▶ _What the exercise asks_:
The full listing, returned exactly and free of pictures, is the expected answer.

▶ _Given material_:

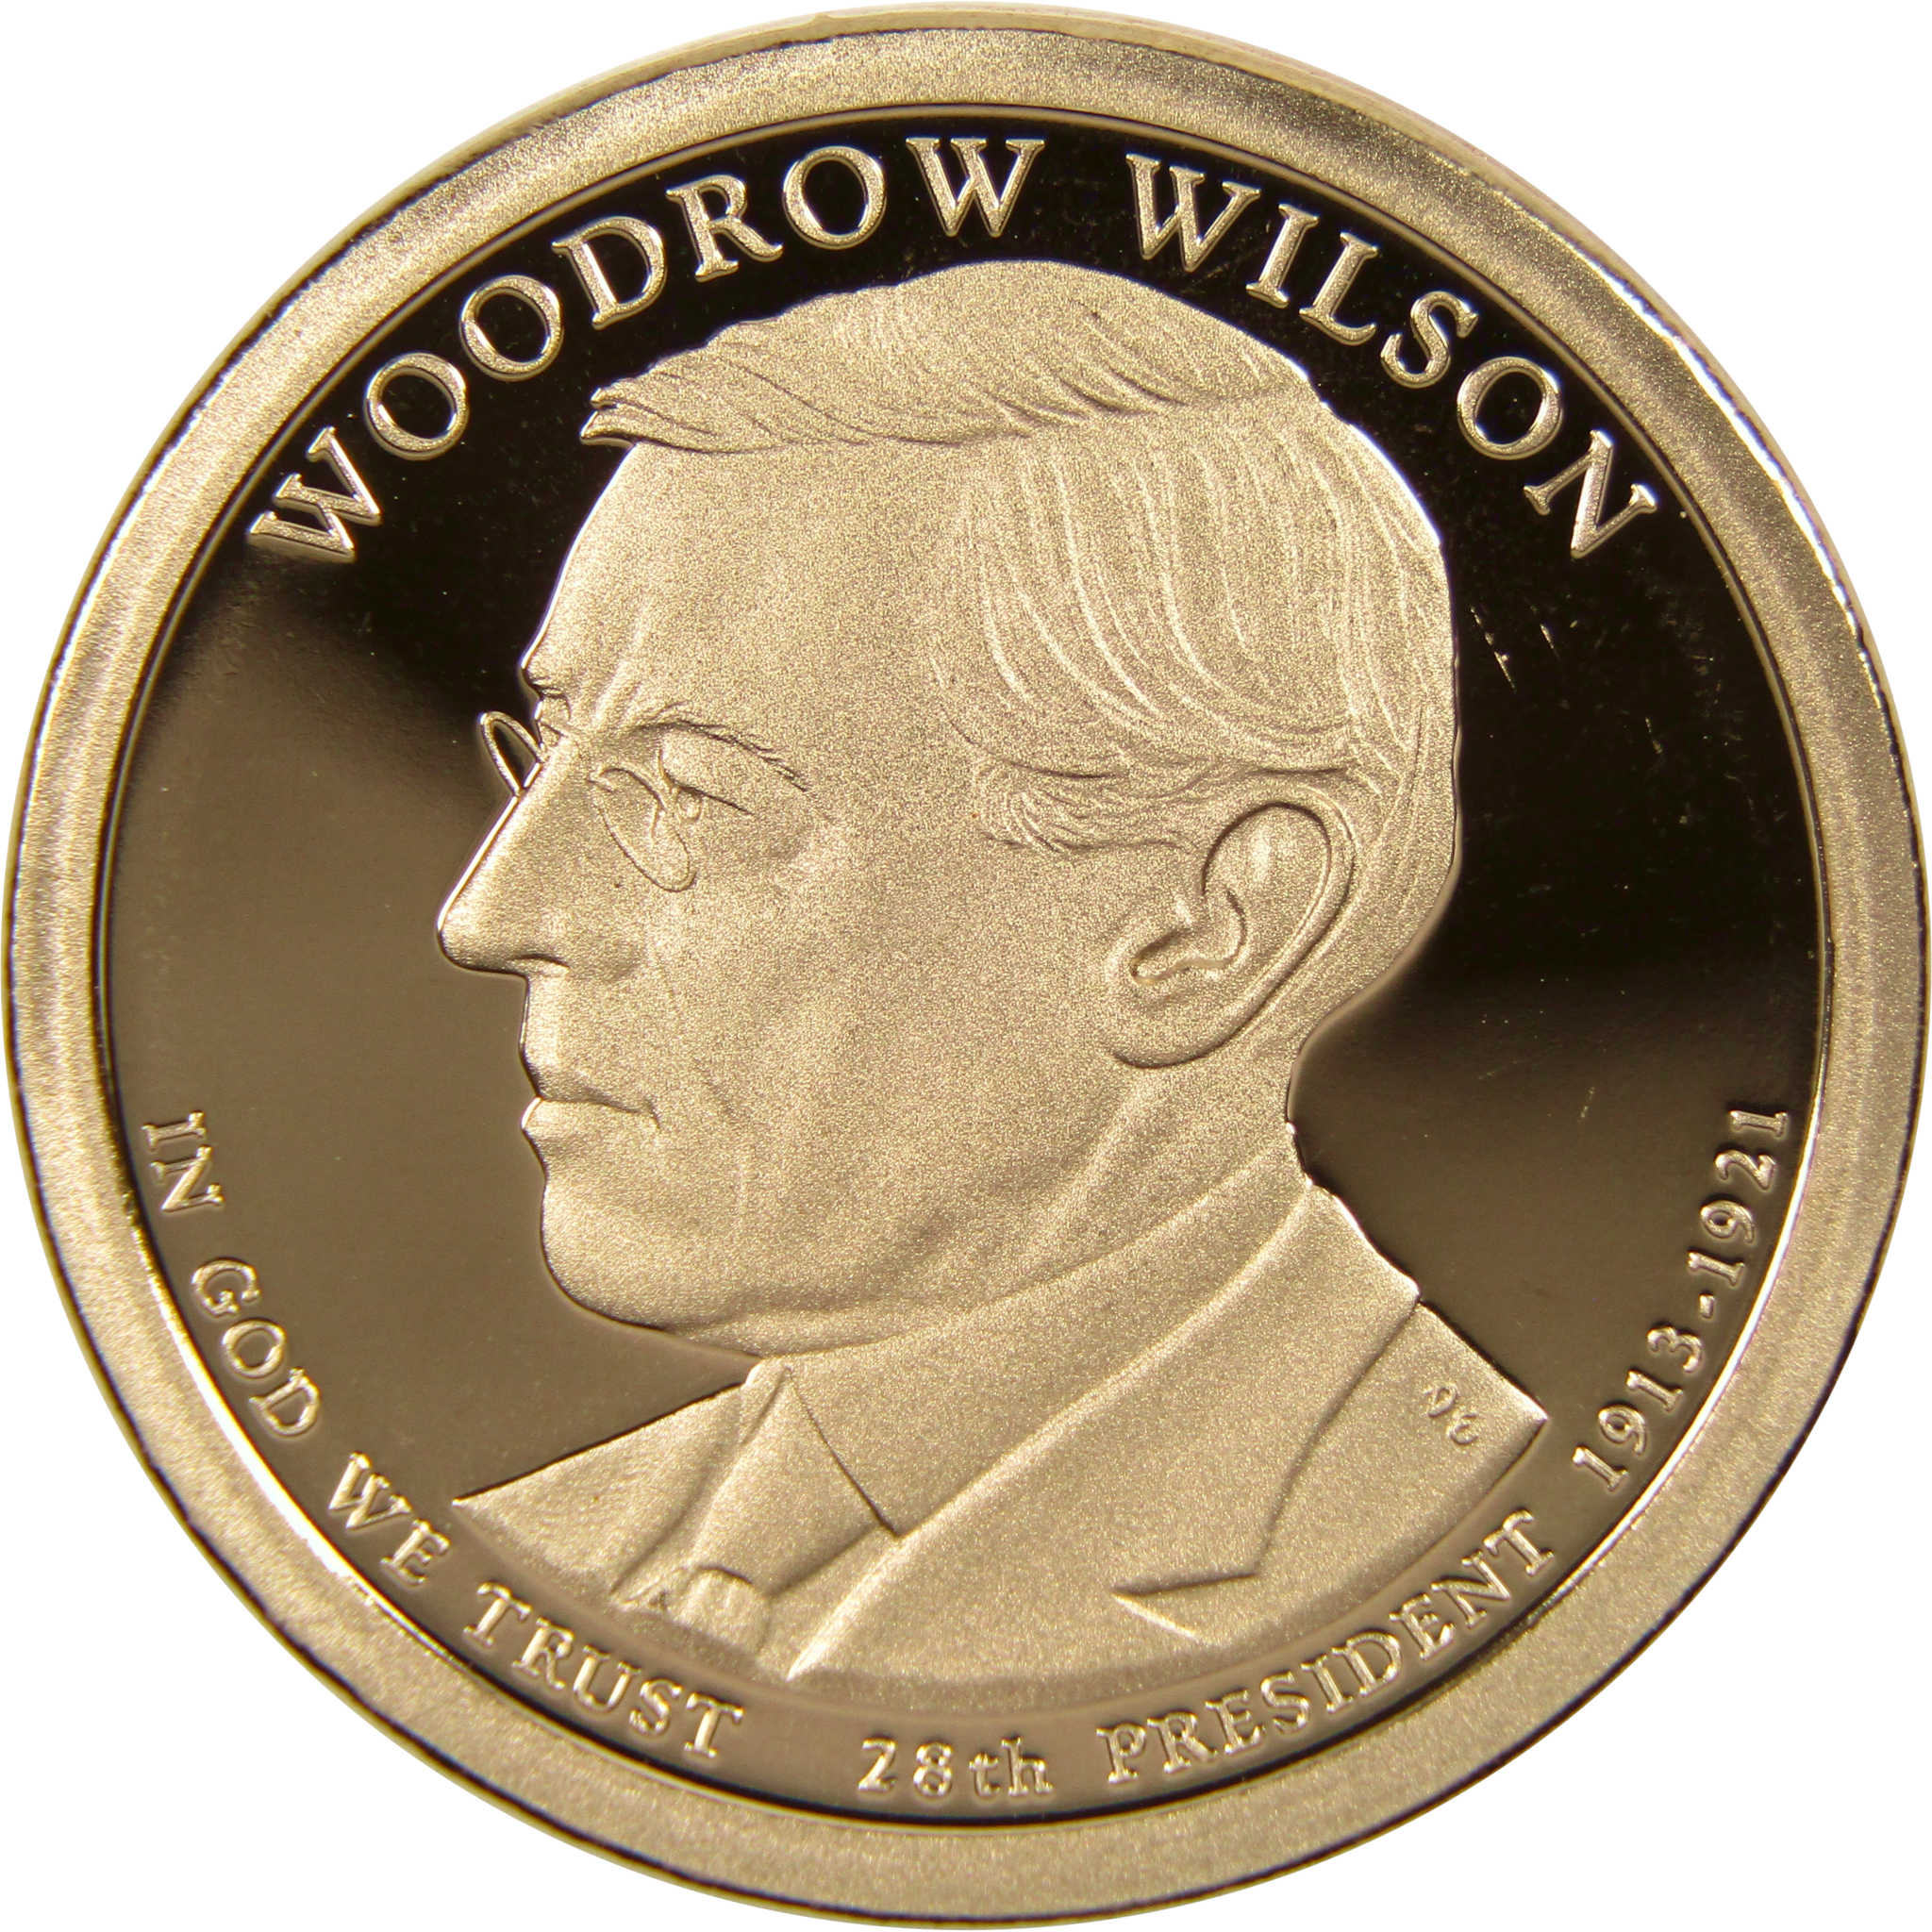 2013 S Woodrow Wilson Presidential Dollar Choice Proof $1 Coin
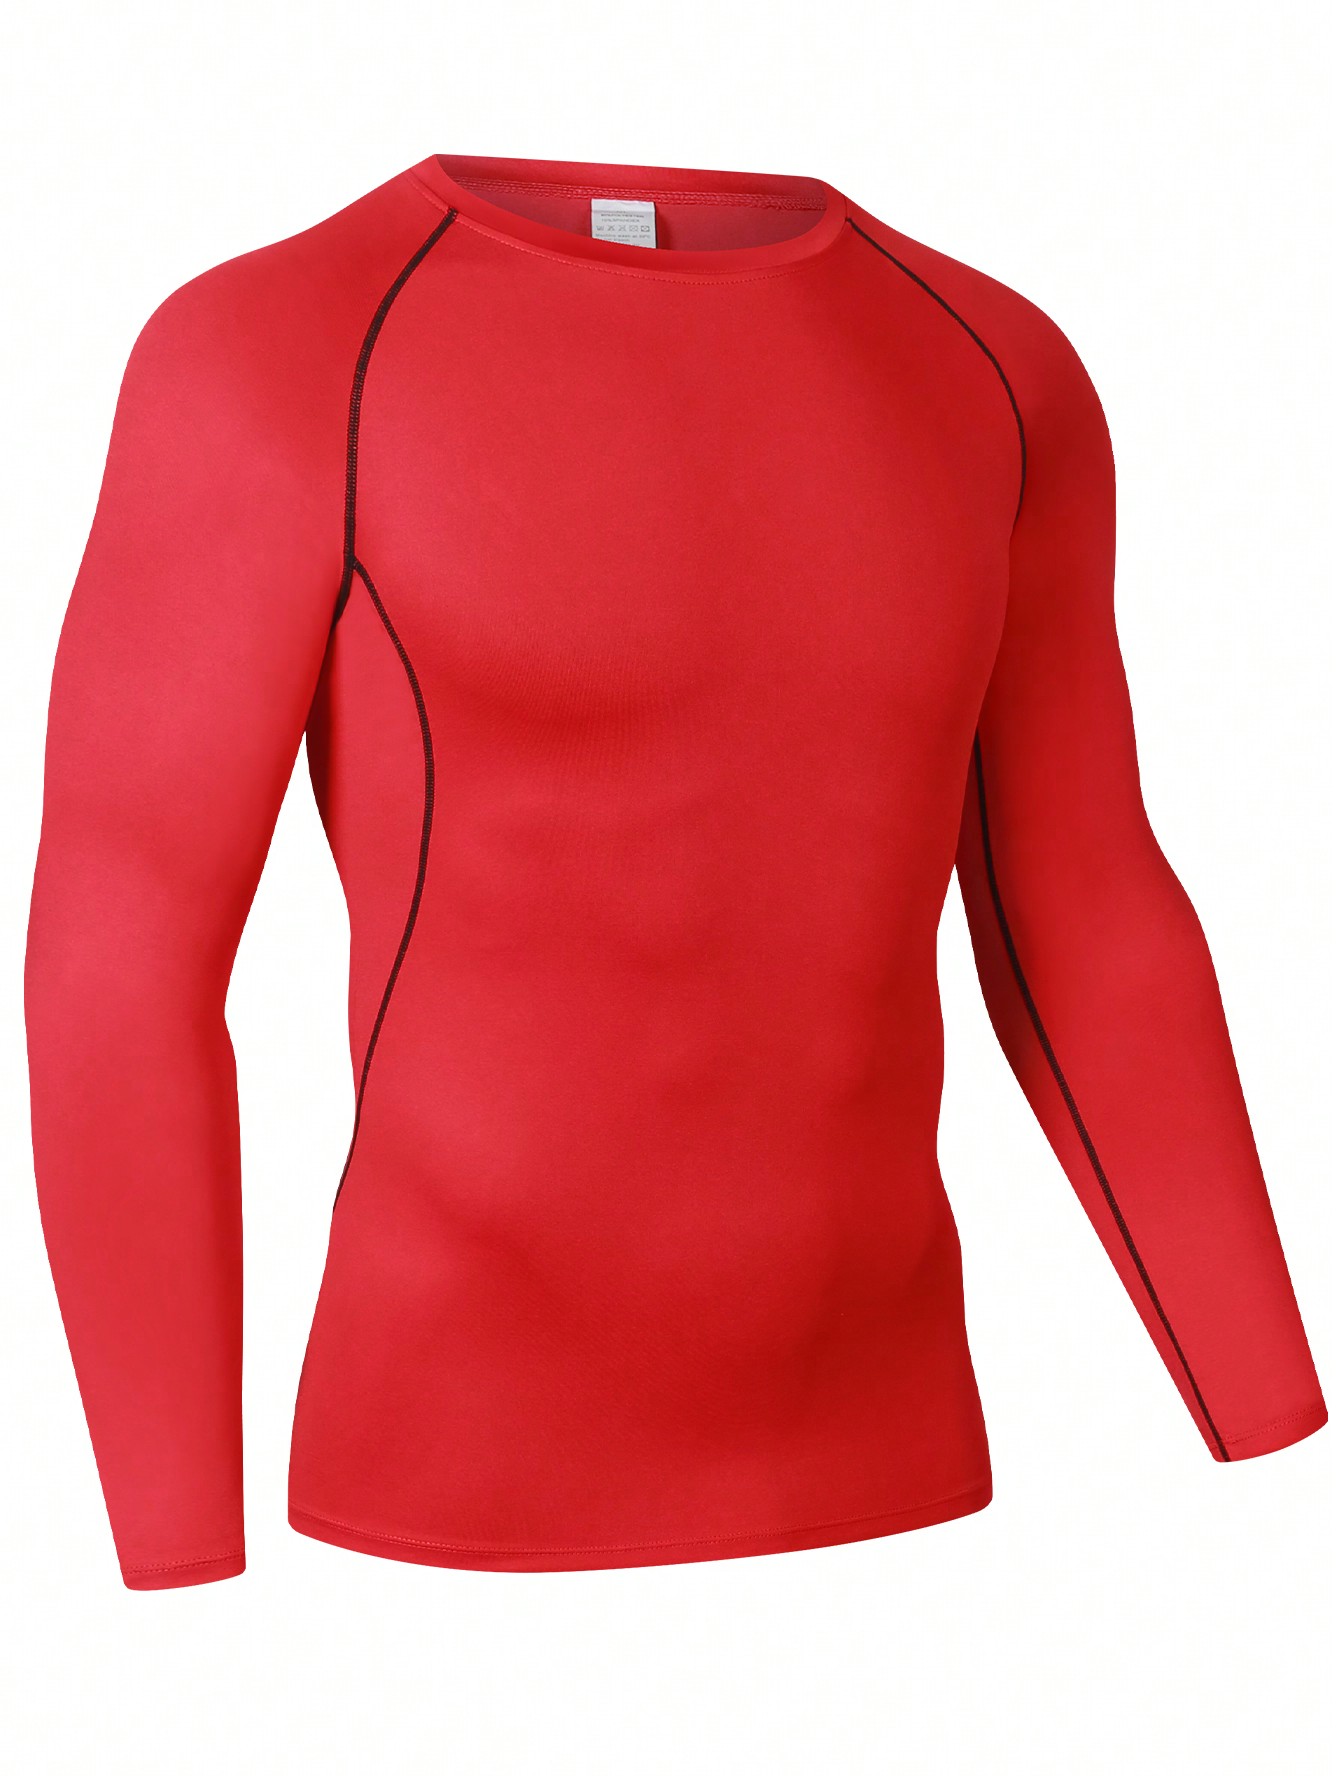 Мужская эластичная компрессионная рубашка для фитнеса с длинными рукавами, красный многоцветная быстросохнущая спортивная футболка с коротким рукавом для фитнеса тренировочная футболка для бега дышащая спортивная одежд
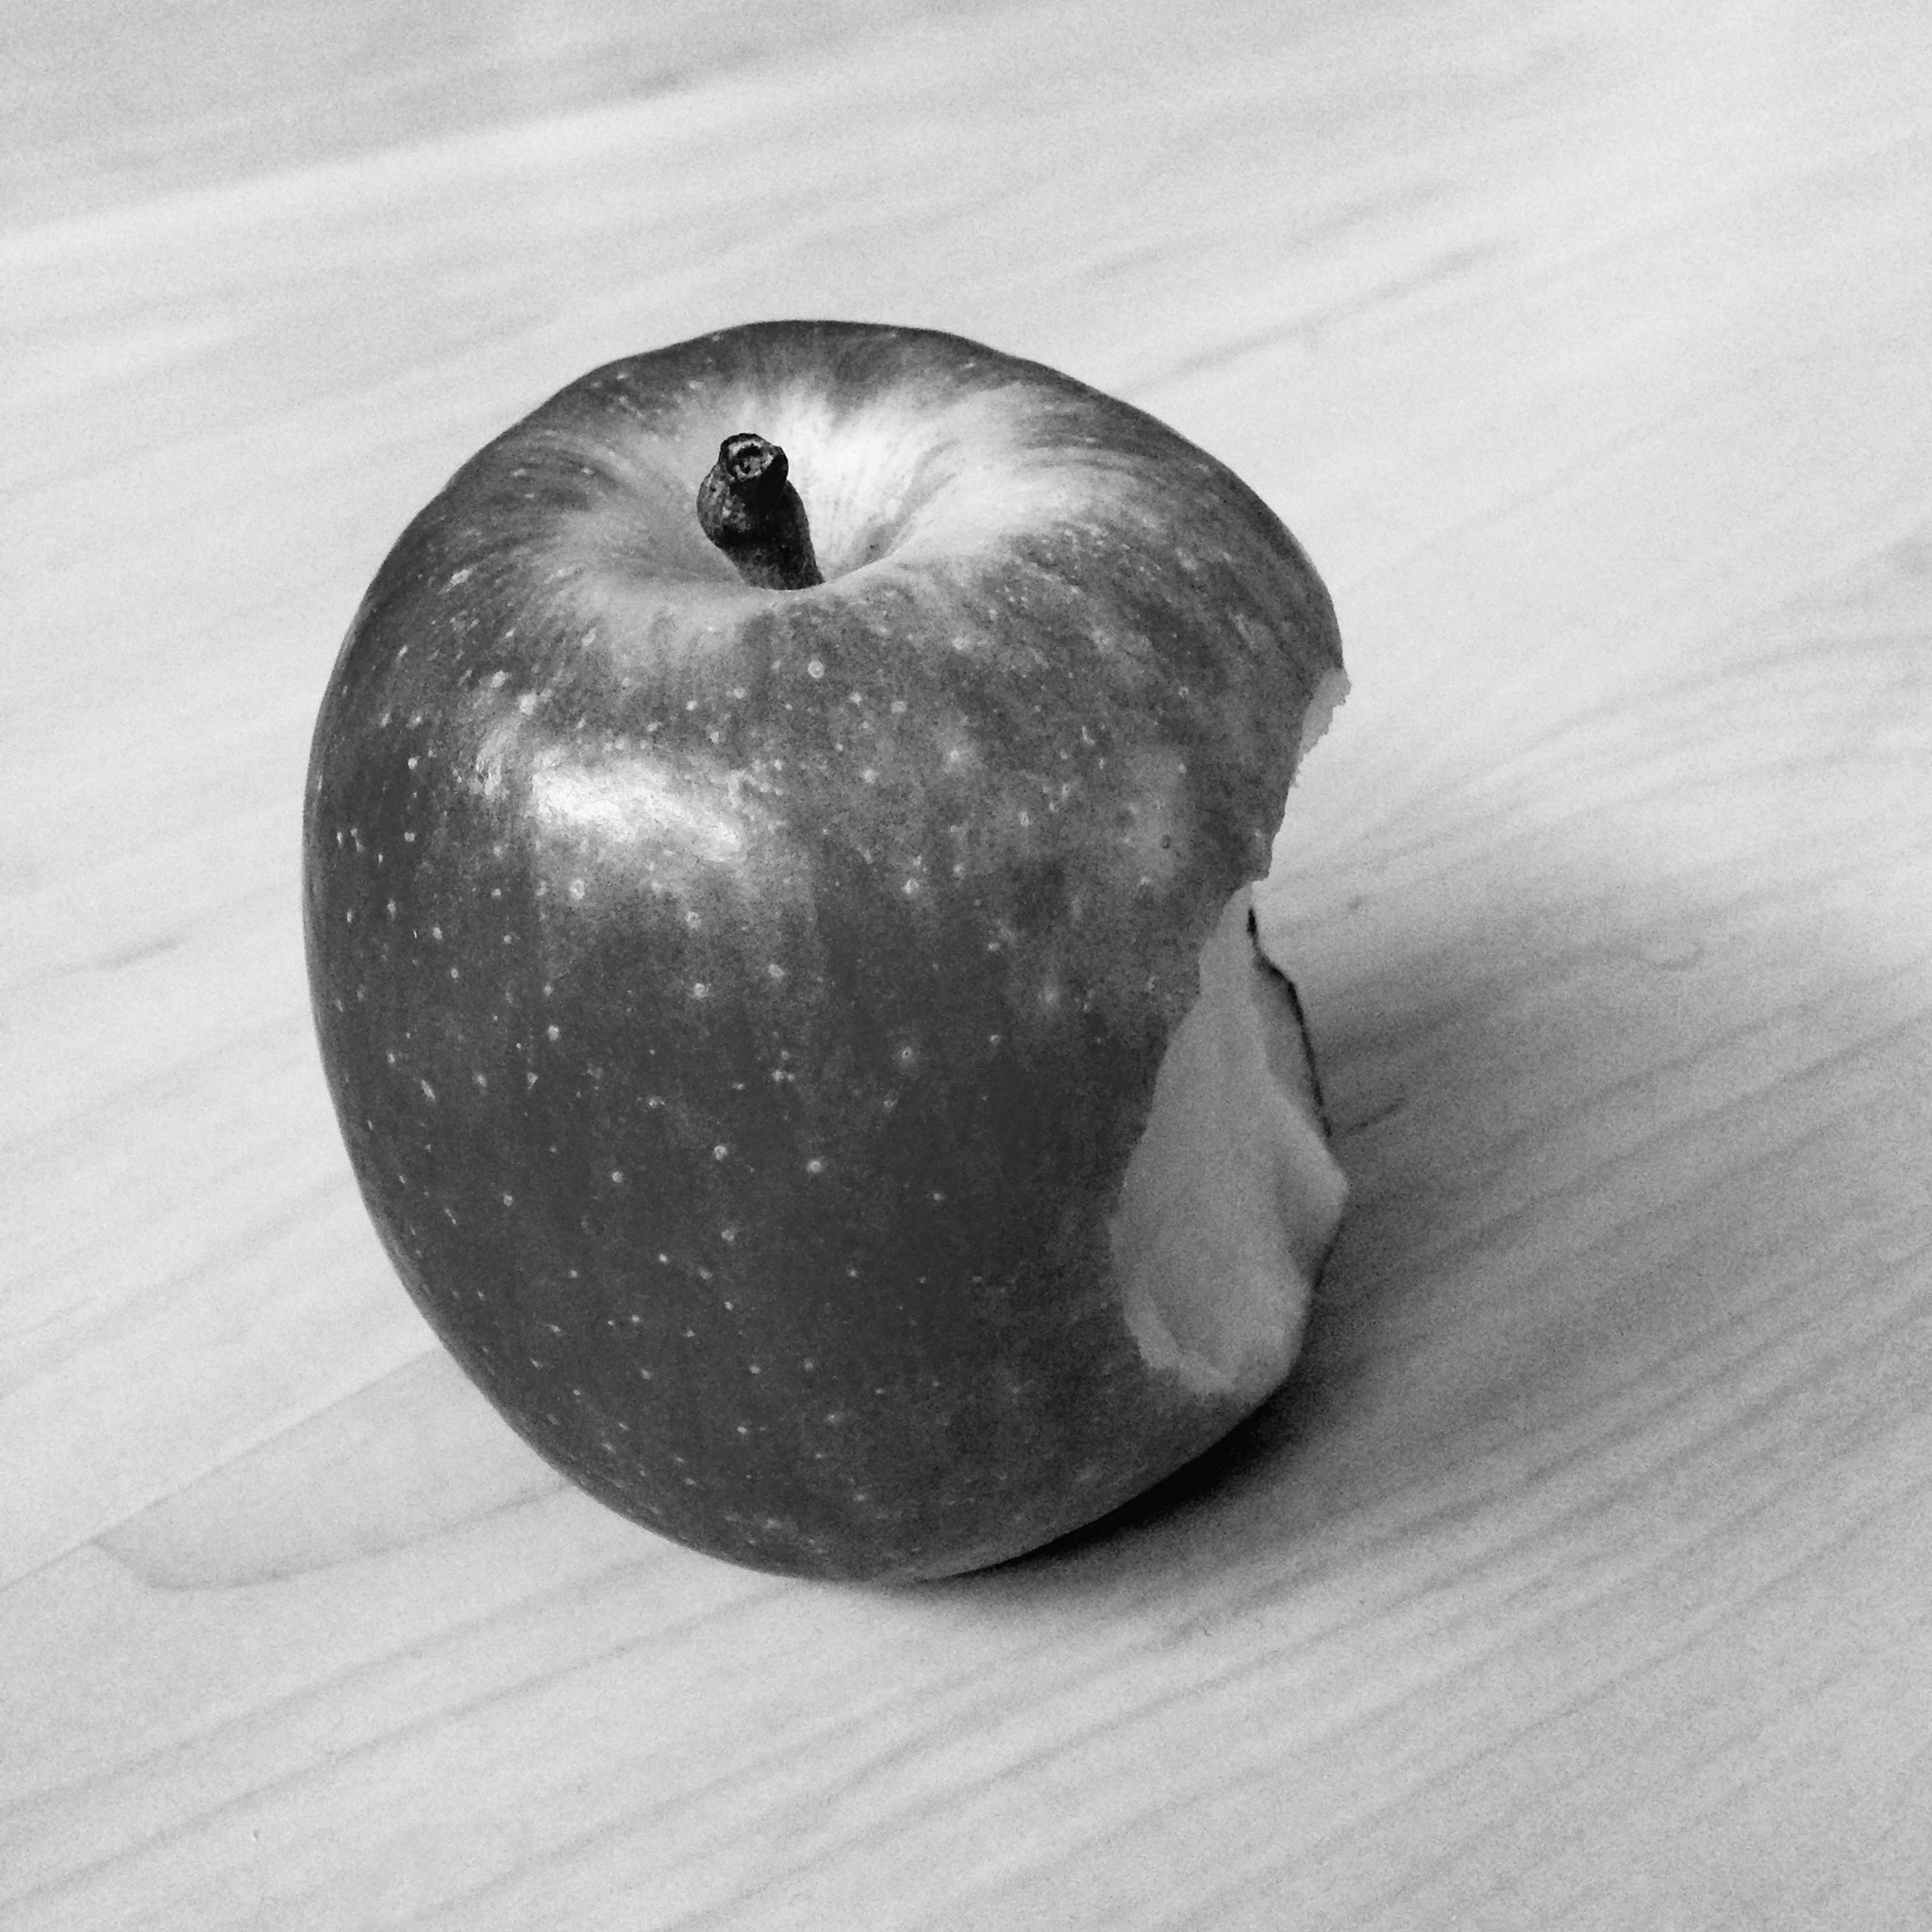 Der Apfel fault

▶ _Solved exercise_:
 2013 S Woodrow Wilson Presidential Dollar Choice Proof $1 Coin
 Мужская эластичная компрессионная рубашка для фитнеса с длинными рукавами, красный многоцветная быстросохнущая спортивная футболка с коротким рукавом для фитнеса тренировочная футболка для бега дышащая спортивная одежд
 Der Apfel fault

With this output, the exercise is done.